Darüber hinaus sind insbesondere Unternehmen der Kritischen Infrastruktur (KRITIS) durch Cyberangriffe russischer APT’s bedroht. Im Verfassungsschutzverbund wurden umgehend Maßnahmen getroffen, um potenzielle Opfer zu kontaktieren und zu sensibilisieren. Im Verfassungsschutzverbund werden kontinuierlich technische Indikatoren, sogenannte Indicators of Compromise (IoC), analysiert und an die entsprechenden Bedarfsträger, insbesondere Unternehmen der KRITIS, zur Stärkung ihrer Resilienz übermittelt. Tatsächliche Anhaltspunkte für ein schädigendes Ereignis im Zusammenhang mit russischen APT’s liegen für den Freistaat Sachsen bislang nicht vor.
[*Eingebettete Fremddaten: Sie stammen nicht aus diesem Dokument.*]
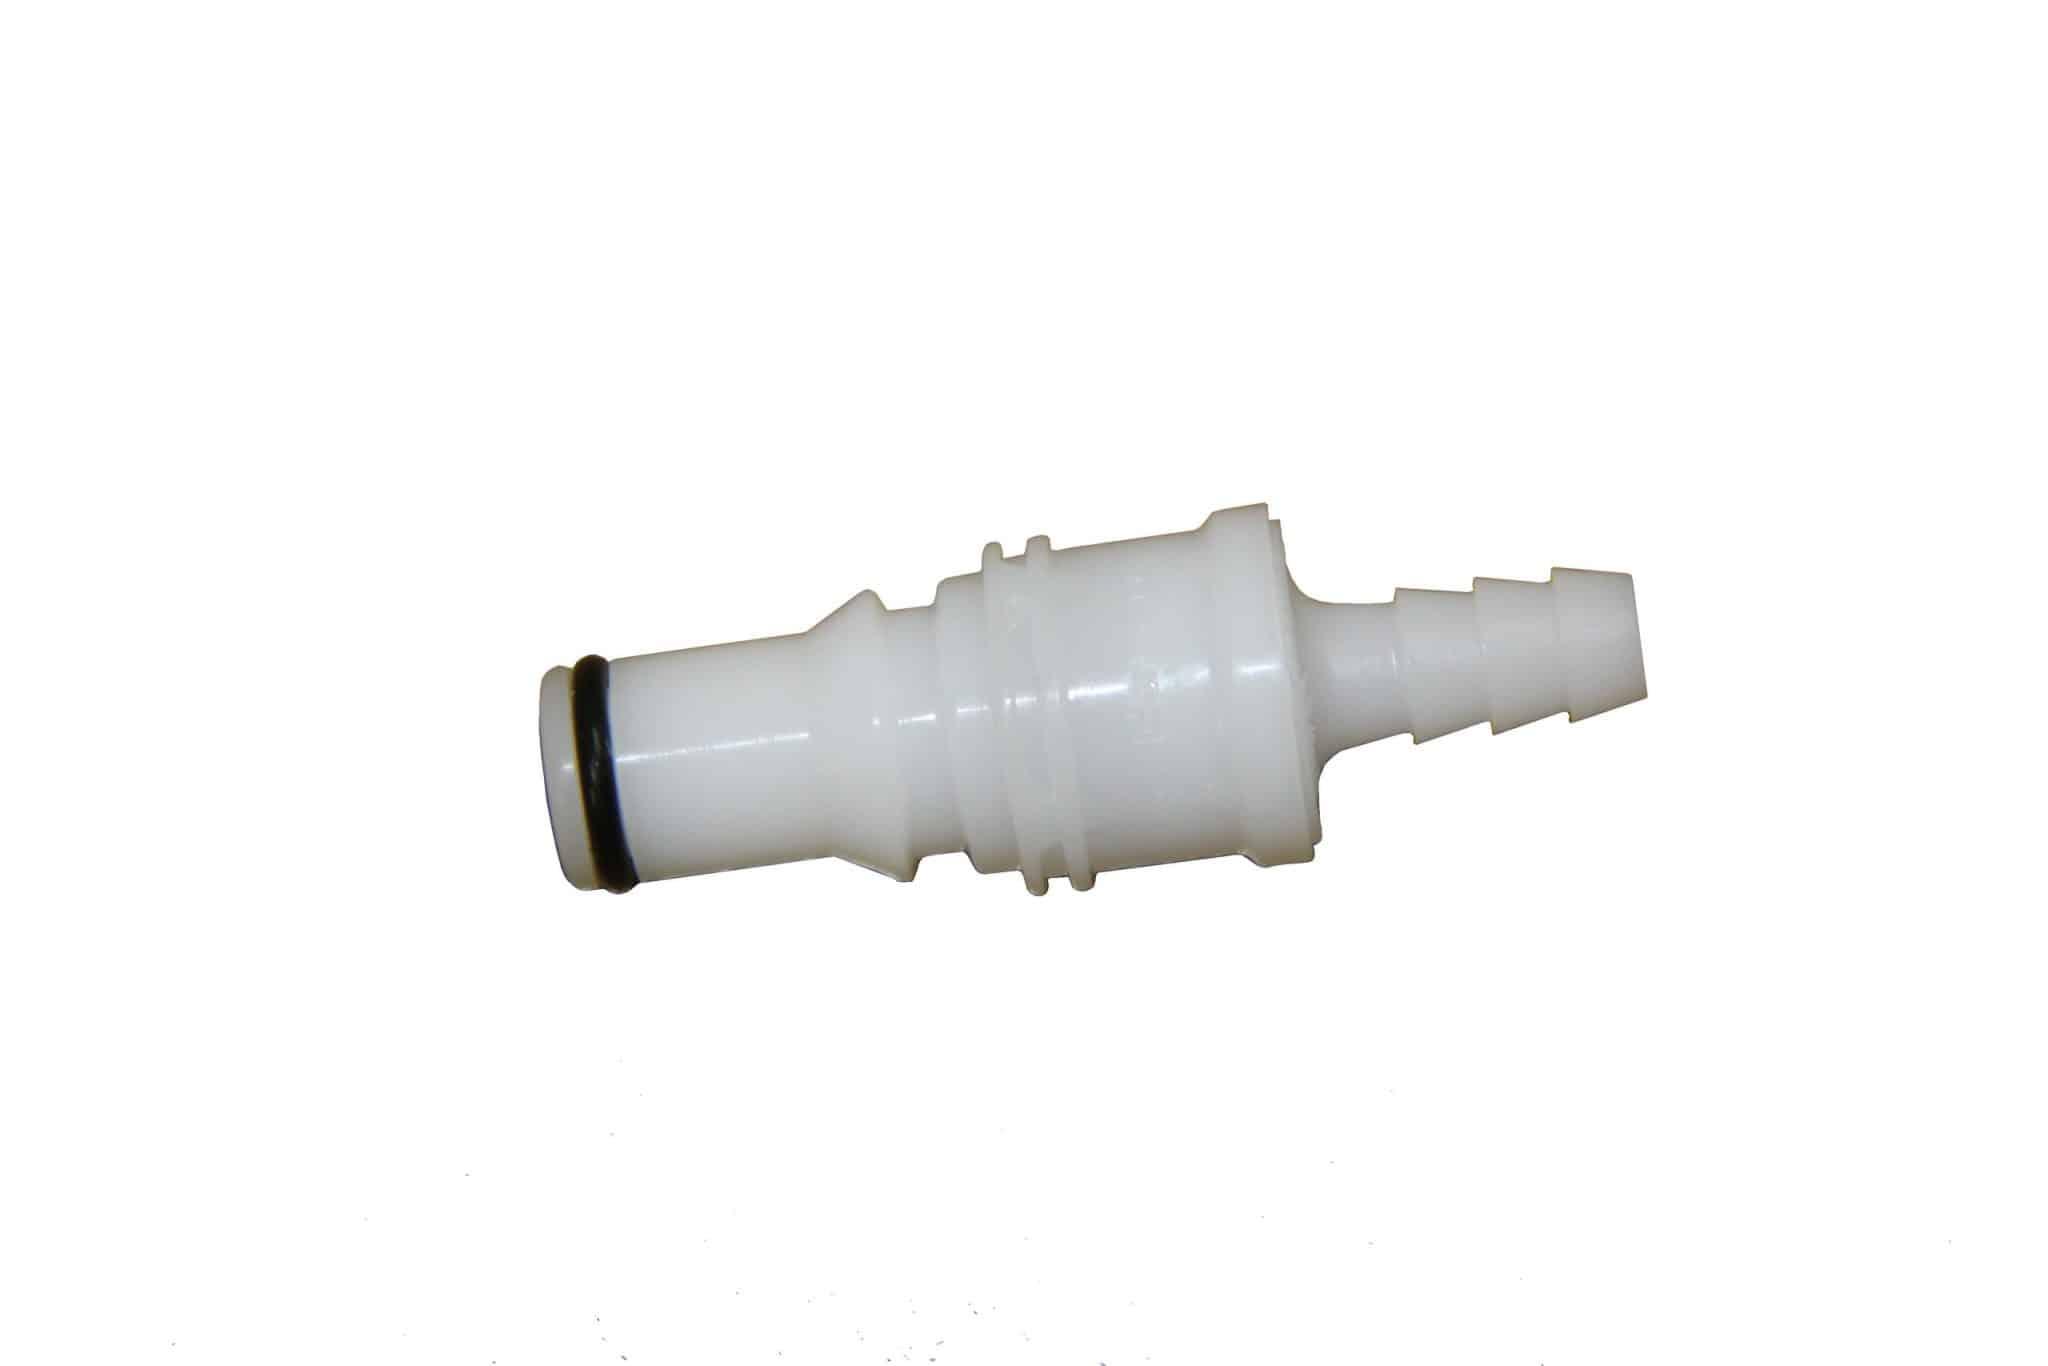 Pull Ring Male drybrake coupling

Chinesische Nachrichtendienste stehen gleichfalls im Verdacht, elektronische Angriffe gegen Einrichtungen in Deutschland initiiert zu haben. Im Jahr 2023 gab es Hinweise zu Aktivitäten der Cyberspionagegruppierung APT15 und APT 31. Die Cyberangriffe richteten sich dabei gegen Heimnetzwerk- bzw. Small Office/Home Office (SOHO)-Endgeräte. Diese Endgeräte, die für den Einsatz in Unternehmen geringerer Größe oder von Privatanwendern konzipiert sind, werden in wachsender Anzahl durch Cyberangreifer übernommen und in der Folge in Cyberangriffskampagnen durch die APT-Gruppierungen APT 15 und APT 31 gegen staatliche und politische Stellen genutzt. Sensibilisierungsmaßnahmen erbrachten keine Hinweise auf eine tatsächliche sächsische Betroffenheit. Mit den Auslandsaktivitäten chinesischer Nachrichtendienste im Internet korrespondiert die Errichtung einer immer stärkeren elektronischen Mauer zur Abschottung des Internets in China.
Weitere Akteure auf dem Feld der elektronischen Angriffe sind Angreifer aus dem Nahen und Mittleren Osten sowie aus Südostasien. Die Angreifer-Gruppierung Lazarus Group, der Verbindungen nach Nordkorea nachgesagt werden, richtete ihre Angriffe weltweit gegen zahlreiche Unternehmen und Forschungseinrichtungen, so auch in Deutschland. Sensibilisierungsmaßnahmen ergaben keine Betroffenheit sächsischer Einrichtungen.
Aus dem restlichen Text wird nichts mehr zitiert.